Android的话,在Android Studio上的configurations list中选择androidApp,直接连接真机或开启模拟器,点击Run->Run 'androidApp'即可。iOS的话,如果是第一次运行,需要打开Xcode,同意一些协议,然后回到Android Studio,configurations list中选择iosApp,直接运行即可。
效果如下:
编译过程详解
接下来我们来看一下shared模块是如何工作的。先关注一下shared模块的gradle文件:
plugins {
kotlin("multiplatform")
id("com.android.library")
}加载了multiplatform插件,并把此module作为lib输出。
kotlin {
android()
iosX64()
iosArm64()
iosSimulatorArm64()
}重点来了,这个是编译双端lib的关键。我们先看看android()是怎么编译Android的aar的:
Android编译过程
fun android() = android("android") { }
fun android(
name: String = "android",
configure: KotlinAndroidTarget.() -> Unit = { }
): KotlinAndroidTarget =
configureOrCreate(
name,
presets.getByName("android") as KotlinAndroidTargetPreset,
configure
)我们看到android()是创建了个KotlinAndroidTarget对象。我们找到插件multiplatform的入口类:AbstractKotlinMultiplatformPluginWrapper:
abstract class AbstractKotlinMultiplatformPluginWrapper : KotlinBasePluginWrapper() {
override fun getPlugin(project: Project): Plugin<Project> =
KotlinMultiplatformPlugin()
override val projectExtensionClass: KClass<out KotlinMultiplatformExtension>
get() = KotlinMultiplatformExtension::class
override fun whenBuildEvaluated(project: Project) {
project.runMissingAndroidTargetProjectConfigurationHealthCheck()
project.runMissingKotlinTargetsProjectConfigurationHealthCheck()
project.runDisabledCInteropCommonizationOnHmppProjectConfigurationHealthCheck()
}
}返回一个KotlinMultiplatformPlugin对象。

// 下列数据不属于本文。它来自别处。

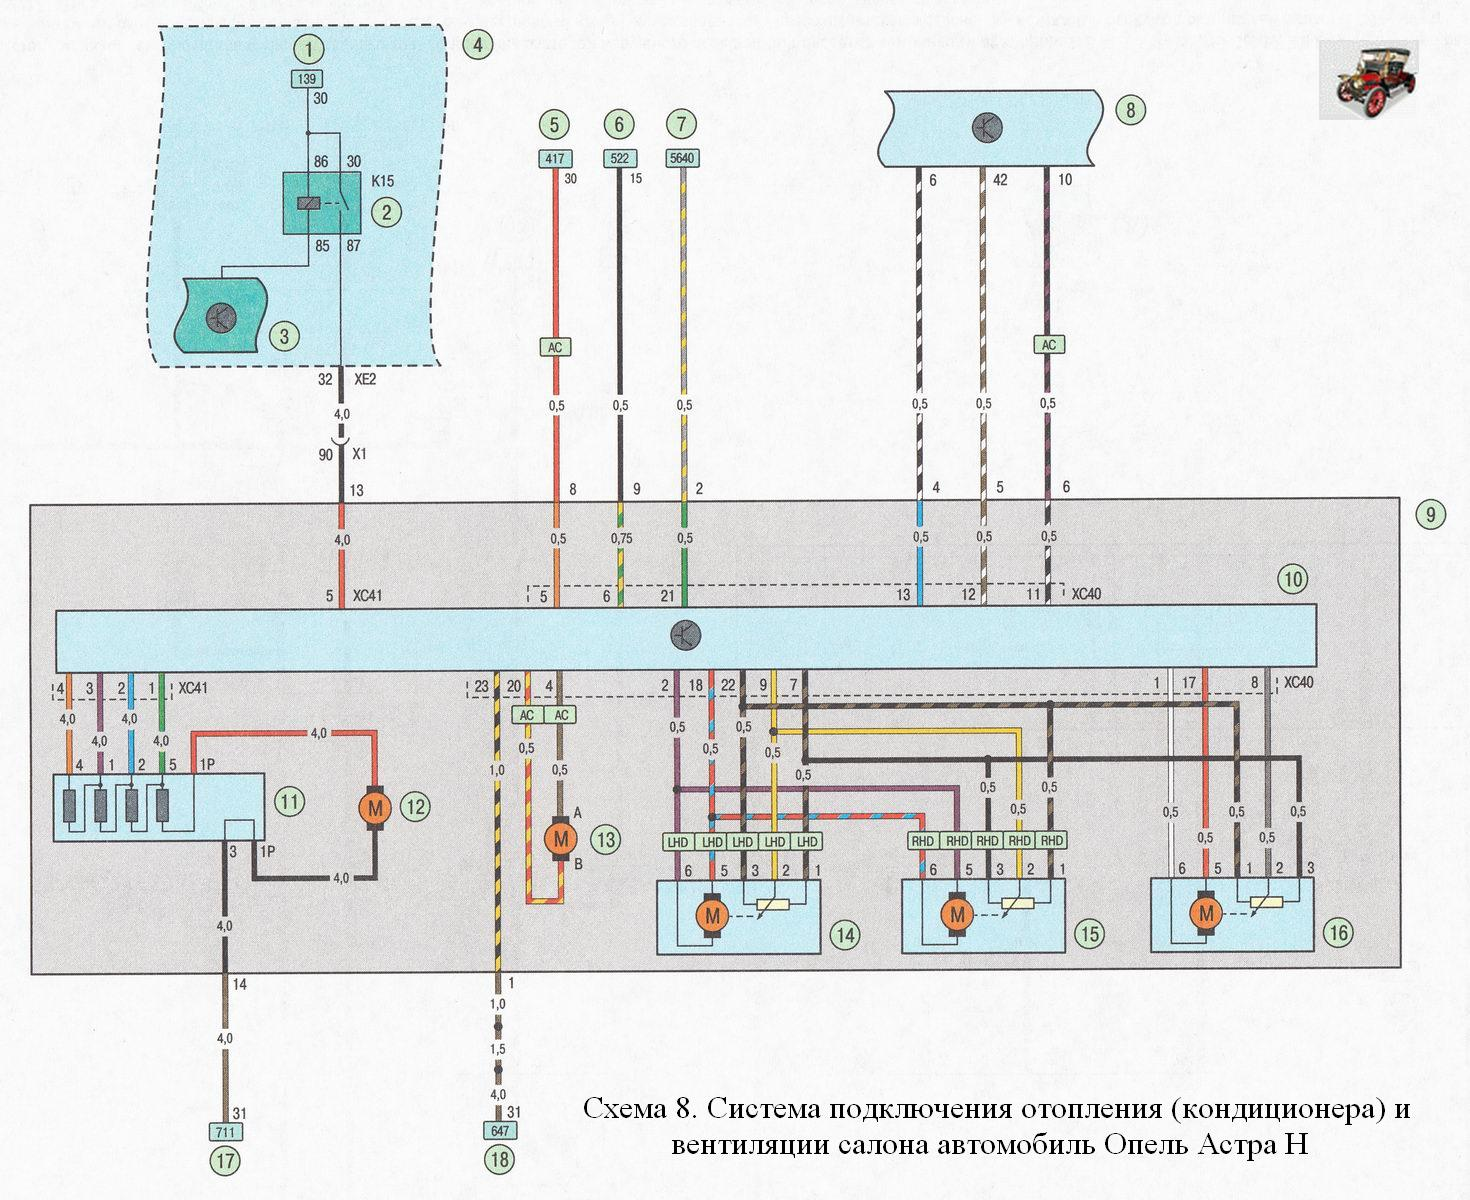 Электрическая схема астра опель h

KotlinMultiplatformPlugin继承Plugin,我们直接看apply()方法的实现:
override fun apply(project: Project) {
//...
setupDefaultPresets(project)
customizeKotlinDependencies(project)
configureSourceSets(project)
//...截取重要的部分,看setupDefaultPresets(project)的实现:
fun setupDefaultPresets(project: Project) {
with(project.multiplatformExtension.presets) {
add(KotlinJvmTargetPreset(project))
add(KotlinJsTargetPreset(project).apply { irPreset = null })
add(KotlinJsIrTargetPreset(project, isWasm = false).apply { mixedMode = false })
add(
KotlinJsTargetPreset(project).apply {
irPreset = KotlinJsIrTargetPreset(project, isWasm = false)
.apply { mixedMode = true }
}
)
add(KotlinJsIrTargetPreset(project, isWasm = true).apply { mixedMode = false })
add(KotlinAndroidTargetPreset(project))
add(KotlinJvmWithJavaTargetPreset(project))
// Note: modifying these sets should also be reflected in the DSL code generator, see 'presetEntries.kt'
val nativeTargetsWithHostTests = setOf(LINUX_X64, MACOS_X64, MACOS_ARM64, MINGW_X64)
val nativeTargetsWithSimulatorTests =
setOf(IOS_X64, IOS_SIMULATOR_ARM64, WATCHOS_X86, WATCHOS_X64, WATCHOS_SIMULATOR_ARM64, TVOS_X64, TVOS_SIMULATOR_ARM64)
HostManager().targets
.forEach { (_, konanTarget) ->
val targetToAdd = when (konanTarget) {
in nativeTargetsWithHostTests ->
KotlinNativeTargetWithHostTestsPreset(konanTarget.presetName, project, konanTarget)
in nativeTargetsWithSimulatorTests ->
KotlinNativeTargetWithSimulatorTestsPreset(konanTarget.presetName, project, konanTarget)
else -> KotlinNativeTargetPreset(konanTarget.presetName, project, konanTarget)
}
add(targetToAdd)
}
}
}这个方法创建并添加了各个平台的TargetPreset,看上去是用来配置各个平台的编译详情的。我们先看看Android平台KotlinAndroidTargetPreset的是如何创建的:
override fun createTarget(name: String): KotlinAndroidTarget {
val result = KotlinAndroidTarget(name, project).apply {
disambiguationClassifier = name
preset = this@KotlinAndroidTargetPreset
targetUnderConstruction = this
}
project.dynamicallyApplyWhenAndroidPluginIsApplied({ result })
if (project.hasKpmModel) {
mapTargetCompilationsToKpmVariants(result, PublicationRegistrationMode.AFTER_EVALUATE)
}
targetUnderConstruction = null
return result
}创建了一个KotlinAndroidTarget对象,并执行dynamicallyApplyWhenAndroidPluginIsApplied()方法:
internal fun Project.dynamicallyApplyWhenAndroidPluginIsApplied(
kotlinAndroidTargetProvider: () -> KotlinAndroidTarget,
additionalConfiguration: (KotlinAndroidTarget) -> Unit = {}
) {
var wasConfigured = false
androidPluginIds.forEach { pluginId ->
plugins.withId(pluginId) {
wasConfigured = true
val target = kotlinAndroidTargetProvider()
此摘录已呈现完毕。